▸ YOUR OBJECTIVE
Among the entries that follow, the required portion opens with the line containing "#Vanlife / Boatlife" and closes with the line containing "Universal Suction Mount". Give that portion again exactly, and nothing else.

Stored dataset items

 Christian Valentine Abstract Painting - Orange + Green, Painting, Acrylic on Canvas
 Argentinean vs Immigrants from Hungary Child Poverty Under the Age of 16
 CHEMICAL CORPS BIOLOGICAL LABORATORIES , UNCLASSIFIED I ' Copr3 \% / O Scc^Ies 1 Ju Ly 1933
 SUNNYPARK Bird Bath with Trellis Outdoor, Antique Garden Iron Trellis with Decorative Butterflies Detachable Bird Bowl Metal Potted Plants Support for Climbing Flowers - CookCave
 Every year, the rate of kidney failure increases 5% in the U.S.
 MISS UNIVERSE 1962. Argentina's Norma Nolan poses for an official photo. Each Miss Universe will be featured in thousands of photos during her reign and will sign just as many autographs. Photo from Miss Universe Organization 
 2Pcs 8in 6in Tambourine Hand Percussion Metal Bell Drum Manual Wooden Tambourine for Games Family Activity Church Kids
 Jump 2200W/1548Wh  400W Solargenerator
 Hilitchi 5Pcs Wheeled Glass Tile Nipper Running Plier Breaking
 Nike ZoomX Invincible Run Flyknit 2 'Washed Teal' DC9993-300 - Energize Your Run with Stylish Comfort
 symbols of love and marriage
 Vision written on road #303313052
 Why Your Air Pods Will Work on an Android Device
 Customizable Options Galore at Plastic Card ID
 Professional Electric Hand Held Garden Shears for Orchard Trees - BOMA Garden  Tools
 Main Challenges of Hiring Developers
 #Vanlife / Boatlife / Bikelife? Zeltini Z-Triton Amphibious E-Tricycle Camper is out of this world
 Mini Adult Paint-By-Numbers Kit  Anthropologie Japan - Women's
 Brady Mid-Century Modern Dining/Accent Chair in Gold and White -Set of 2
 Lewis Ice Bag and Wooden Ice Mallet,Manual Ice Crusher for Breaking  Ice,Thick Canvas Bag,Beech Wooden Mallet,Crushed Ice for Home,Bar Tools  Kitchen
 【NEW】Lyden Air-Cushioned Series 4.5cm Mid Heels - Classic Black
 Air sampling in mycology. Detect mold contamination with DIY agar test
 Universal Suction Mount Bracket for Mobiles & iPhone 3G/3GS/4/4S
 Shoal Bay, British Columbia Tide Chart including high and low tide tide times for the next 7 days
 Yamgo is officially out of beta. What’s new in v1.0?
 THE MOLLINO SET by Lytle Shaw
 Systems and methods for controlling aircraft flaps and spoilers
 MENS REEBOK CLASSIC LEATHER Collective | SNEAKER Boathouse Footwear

▸ RESPONSE AREA
 #Vanlife / Boatlife / Bikelife? Zeltini Z-Triton Amphibious E-Tricycle Camper is out of this world
 Mini Adult Paint-By-Numbers Kit  Anthropologie Japan - Women's
 Brady Mid-Century Modern Dining/Accent Chair in Gold and White -Set of 2
 Lewis Ice Bag and Wooden Ice Mallet,Manual Ice Crusher for Breaking  Ice,Thick Canvas Bag,Beech Wooden Mallet,Crushed Ice for Home,Bar Tools  Kitchen
 【NEW】Lyden Air-Cushioned Series 4.5cm Mid Heels - Classic Black
 Air sampling in mycology. Detect mold contamination with DIY agar test
 Universal Suction Mount Bracket for Mobiles & iPhone 3G/3GS/4/4S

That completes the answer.